January 15, 2024 | Bo Chen, Xingyi Cheng, Pan Li, Yangli-ao Geng, Jing Gong, Shen Li, Zhilei Bei, Xu Tan, Boyan Wang, Xin Zeng, Chiming Liu, Aohan Zeng, Yuxiao Dong, Jie Tang, Le Song
xTrimoPGLM is a unified 100B-scale pre-trained transformer model designed for protein language understanding and generation. It addresses the limitations of existing models by combining autoencoding and autoregressive pre-training objectives, enabling the model to handle both protein understanding and generation tasks simultaneously. The model is trained on a large dataset of 940 million unique protein sequences, with 100 billion parameters and 1 trillion training tokens. xTrimoPGLM outperforms other advanced baselines in 18 protein understanding benchmarks across four categories. It also facilitates an atomic-resolution view of protein structures, leading to an advanced 3D structural prediction model that surpasses existing language model-based tools. The model can generate de novo protein sequences following the principles of natural ones and can perform programmable generation after supervised fine-tuning on curated sequences. These results highlight the substantial capability and versatility of xTrimoPGLM in understanding and generating protein sequences, contributing to the evolving landscape of foundation models in protein science.

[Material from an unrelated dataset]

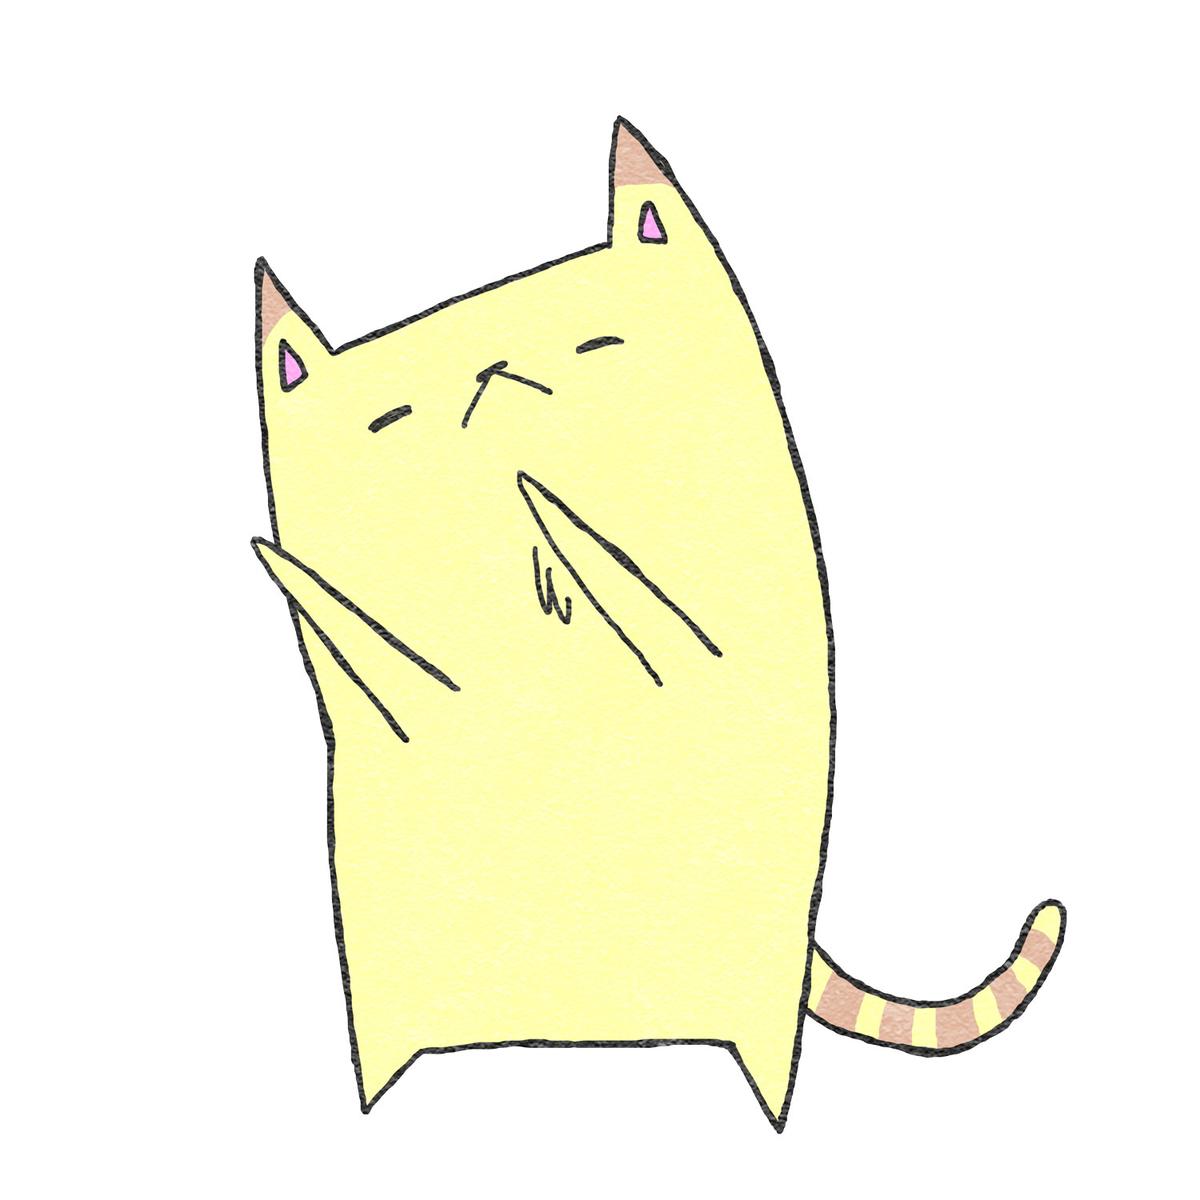 かわいいネコのフリーイラスト素材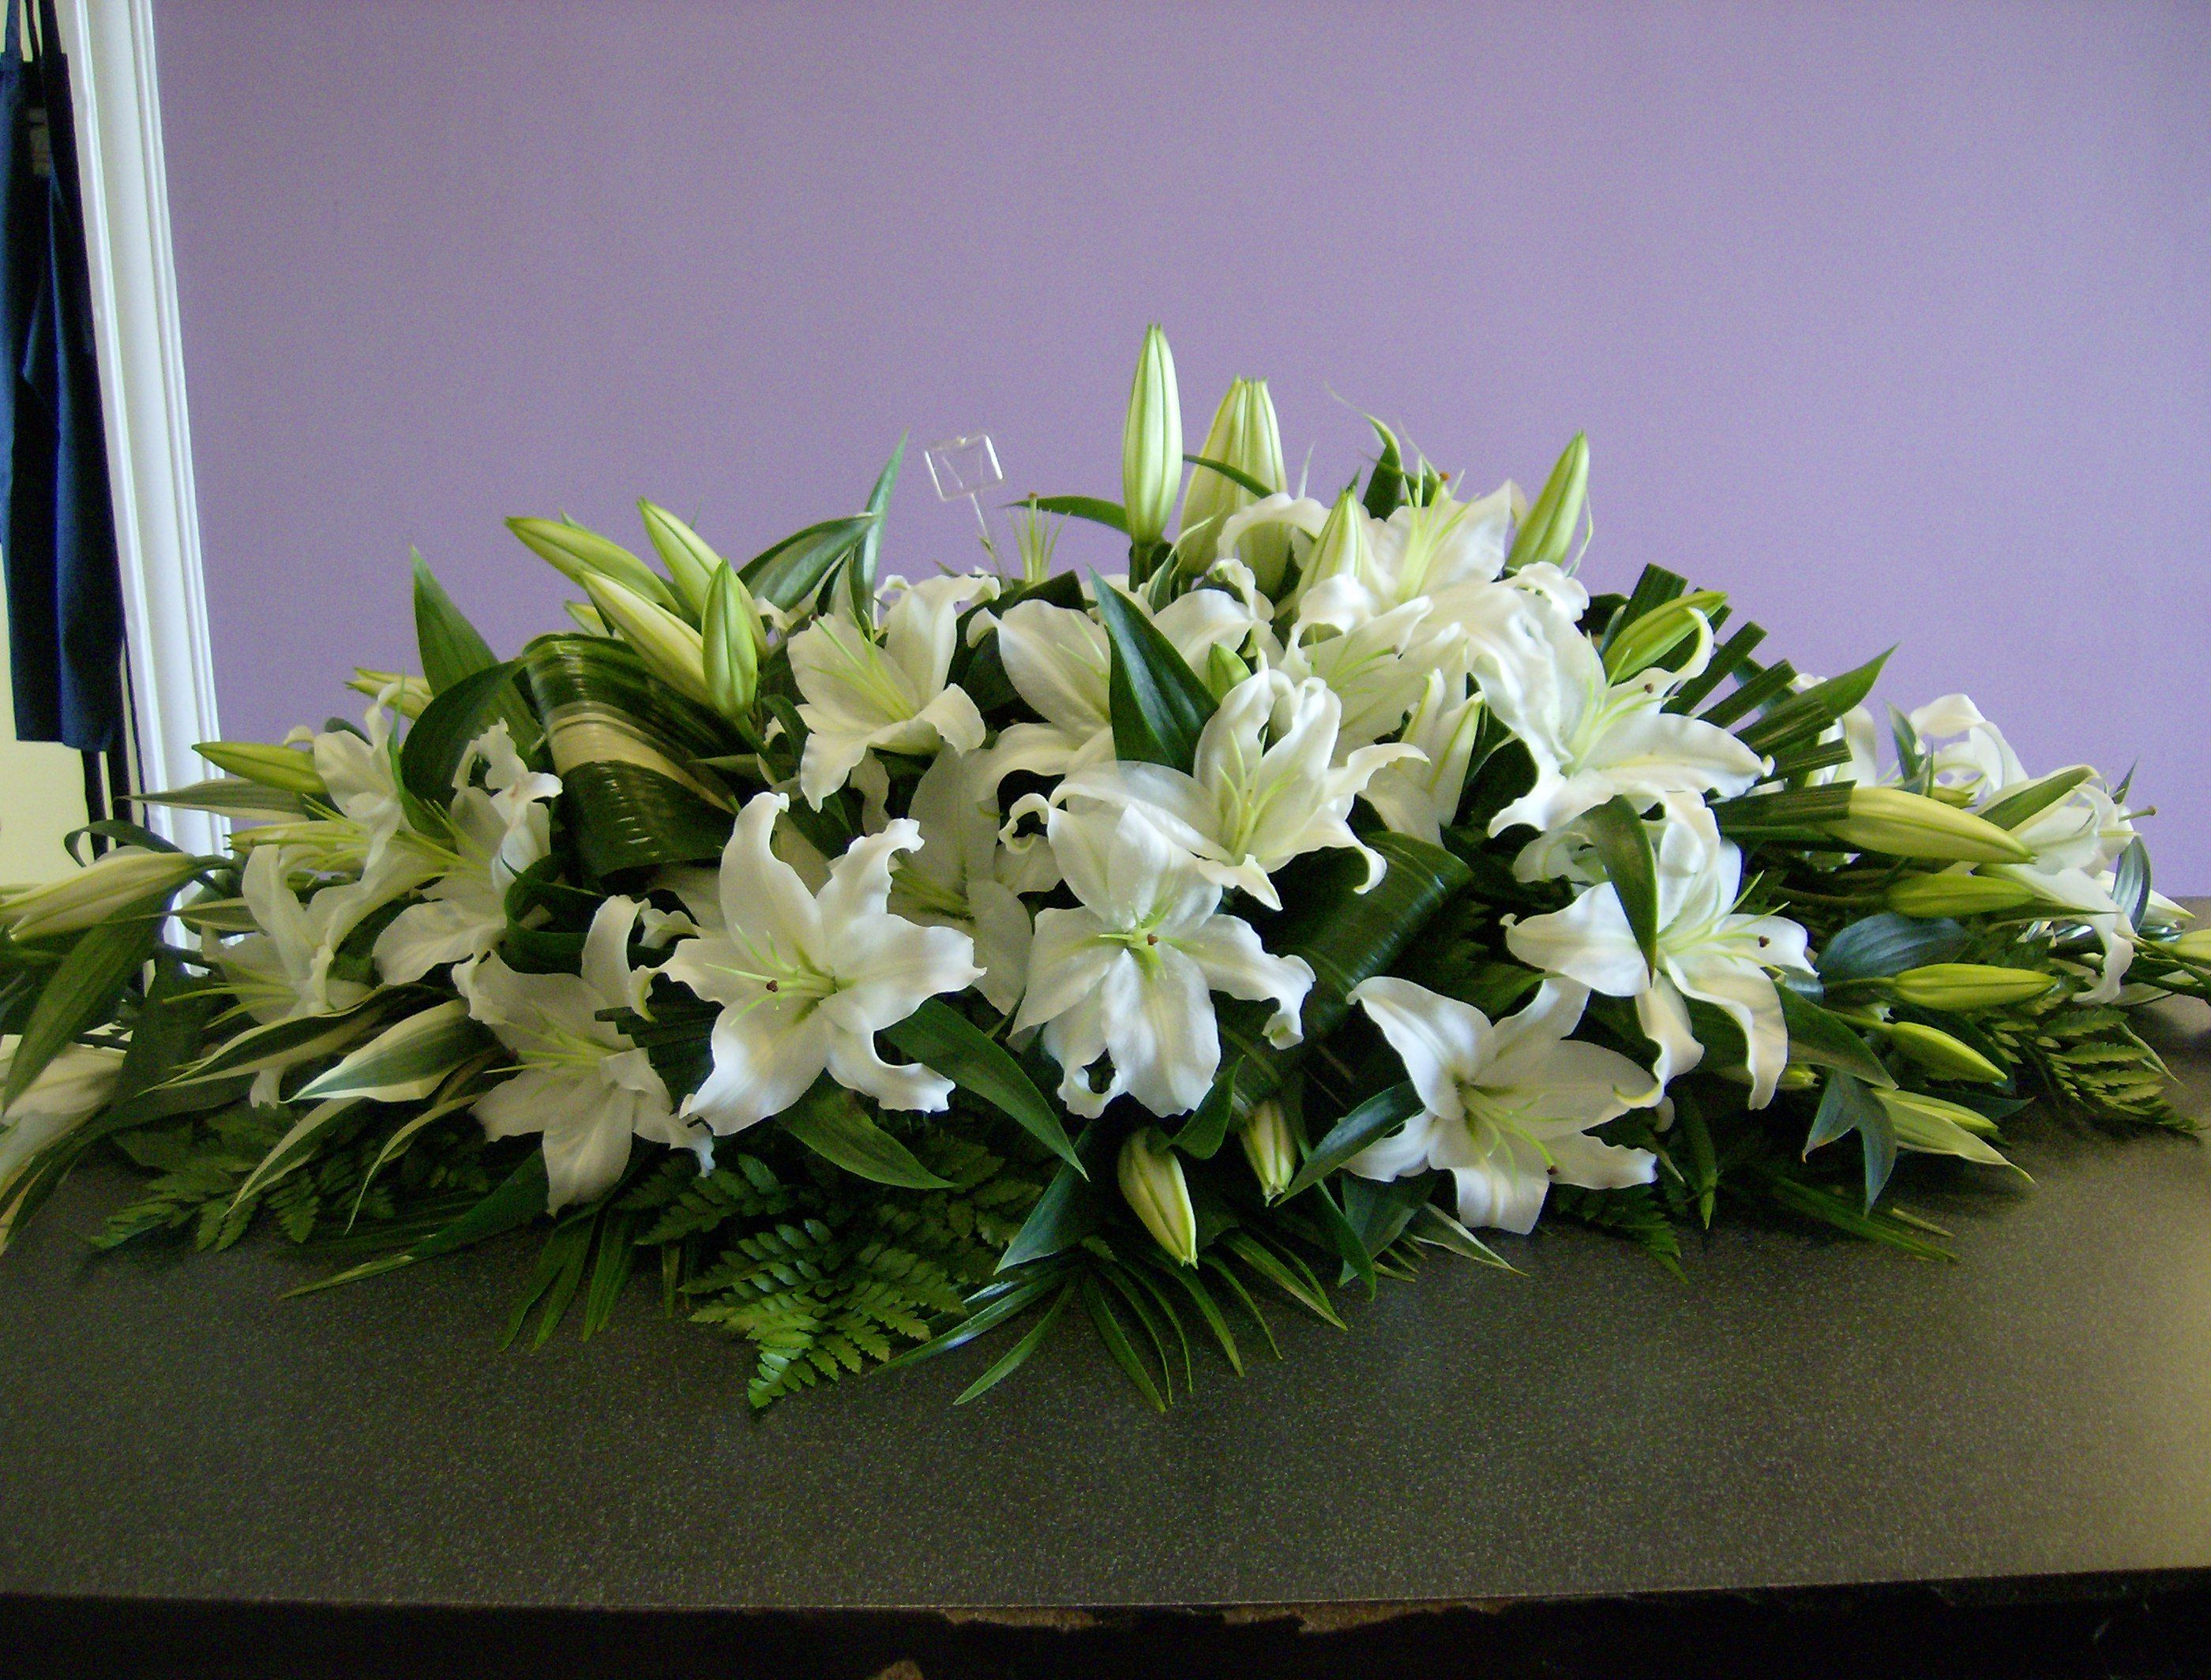 оригинальные лилии в цветочной композиции фото прилетели, такая очередь

The xTrimoPGLM framework combines the strengths of autoregressive blank infilling and bidirectional attention. It uses a Masked Language Model (MLM) objective to enhance its understanding capacity and a General Language Model (GLM) objective for generation. The model is trained on a large dataset of protein sequences and achieves low perplexity on out-of-distribution protein sequences. It also performs well in protein structure prediction, with xT-Fold achieving impressive TM-scores in CAMEO and CASP15 benchmarks. xTrimoPGLM-100B shows significant improvements in protein understanding tasks, surpassing previous state-of-the-art methods in 15 out of 18 tasks. The model also demonstrates the ability to generate de novo protein sequences with diverse structures and can be fine-tuned for specific structural and biophysical properties. However, the model faces challenges in generating sequences with specific properties or families, and there are limitations in its ability to handle out-of-distribution data. Despite these challenges, xTrimoPGLM shows great potential as a programmable model for exploring and synthesizing the vast protein space.xTrimoPGLM is a unified 100B-scale pre-trained transformer model designed for protein language understanding and generation. It addresses the limitations of existing models by combining autoencoding and autoregressive pre-training objectives, enabling the model to handle both protein understanding and generation tasks simultaneously. The model is trained on a large dataset of 940 million unique protein sequences, with 100 billion parameters and 1 trillion training tokens. xTrimoPGLM outperforms other advanced baselines in 18 protein understanding benchmarks across four categories. It also facilitates an atomic-resolution view of protein structures, leading to an advanced 3D structural prediction model that surpasses existing language model-based tools. The model can generate de novo protein sequences following the principles of natural ones and can perform programmable generation after supervised fine-tuning on curated sequences. These results highlight the substantial capability and versatility of xTrimoPGLM in understanding and generating protein sequences, contributing to the evolving landscape of foundation models in protein science.
The xTrimoPGLM framework combines the strengths of autoregressive blank infilling and bidirectional attention. It uses a Masked Language Model (MLM) objective to enhance its understanding capacity and a General Language Model (GLM) objective for generation. The model is trained on a large dataset of protein sequences and achieves low perplexity on out-of-distribution protein sequences. It also performs well in protein structure prediction, with xT-Fold achieving impressive TM-scores in CAMEO and CASP15 benchmarks. xTrimoPGLM-100B shows significant improvements in protein understanding tasks, surpassing previous state-of-the-art methods in 15 out of 18 tasks. The model also demonstrates the ability to generate de novo protein sequences with diverse structures and can be fine-tuned for specific structural and biophysical properties. However, the model faces challenges in generating sequences with specific properties or families, and there are limitations in its ability to handle out-of-distribution data. Despite these challenges, xTrimoPGLM shows great potential as a programmable model for exploring and synthesizing the vast protein space.